A despesa pública com educação atingiu 124,2 milhões de euros, um aumento de 3,7% anual e 8,7% face a 2020-2021. O ensino primário liderou com 33,4 milhões de euros, seguido do secundário, e formação profissional com 5,6 milhões de euros.

As qualificações educativas dos residentes subiram em 2024, com 57,3% a ultrapassar os estudos secundários — mais do que no ano anterior — e 33,5% com qualificações de ensino superior, um ganho de três pontos.

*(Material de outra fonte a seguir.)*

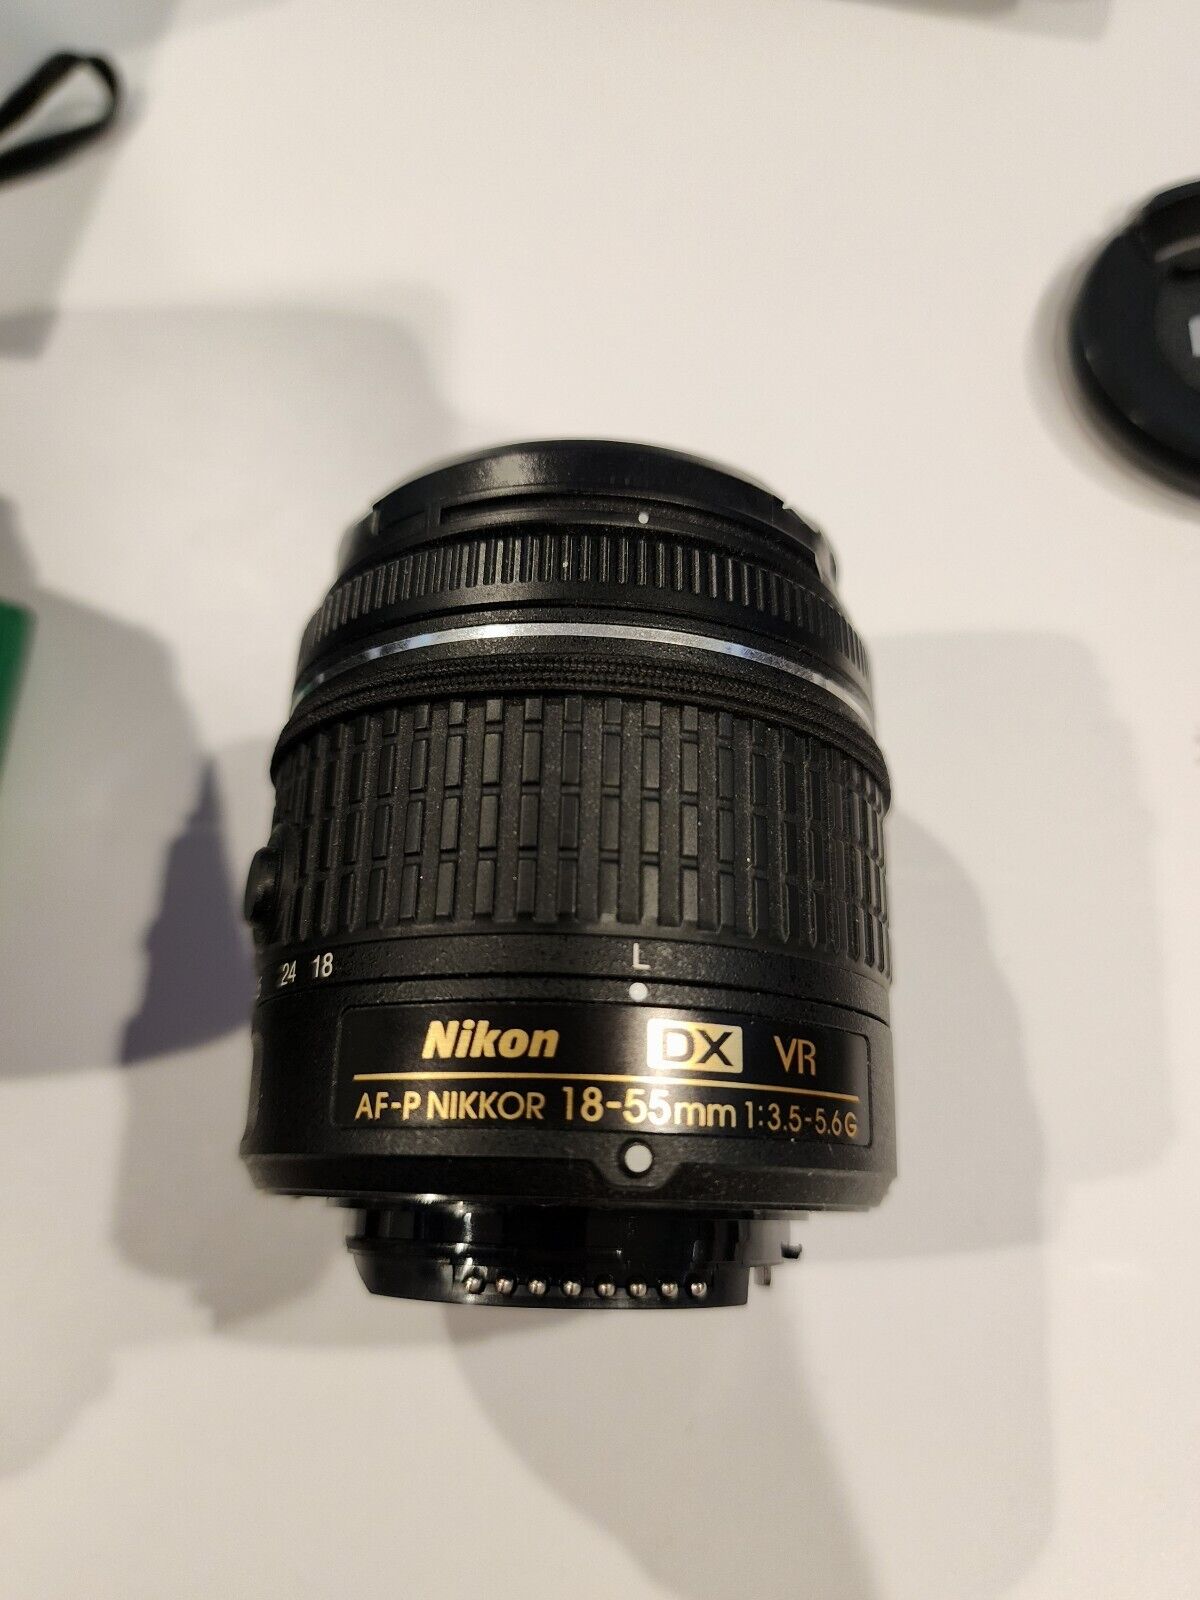 Nikon D3400 24,2MP DSLR Camera - Black (Kit with 18-55mm f/3.5-5.6G VR Lens)

Entre os indivíduos dos 30 aos 34 anos, 59% completaram estudos superiores.

Num desenvolvimento separado, o governo aprovou um pacote inicial de bolsas de 1,6 milhões de euros para 2025-2026, apoiando 1.251 estudantes. O ensino obrigatório recebeu 977.817,56 €, incluindo 748.792,90 € para refeições escolares, 195.901,88 € para materiais, 33.122,78 € para transportes, 2.250 € para viagens, 4.716,83 € para residências no estrangeiro e 1.617,19 € para taxas de inscrição. As bolsas de ensino superior totalizaram 593.744,62 € para 268 estudantes, priorizando estudos no estrangeiro, depois locais e à distância. Os beneficiários recebem 80% em dezembro, com o resto em fevereiro e junho. Os prémios nacionais de estudo obtiveram 13.499,47 € para 12 estudantes de 2024 e 2025.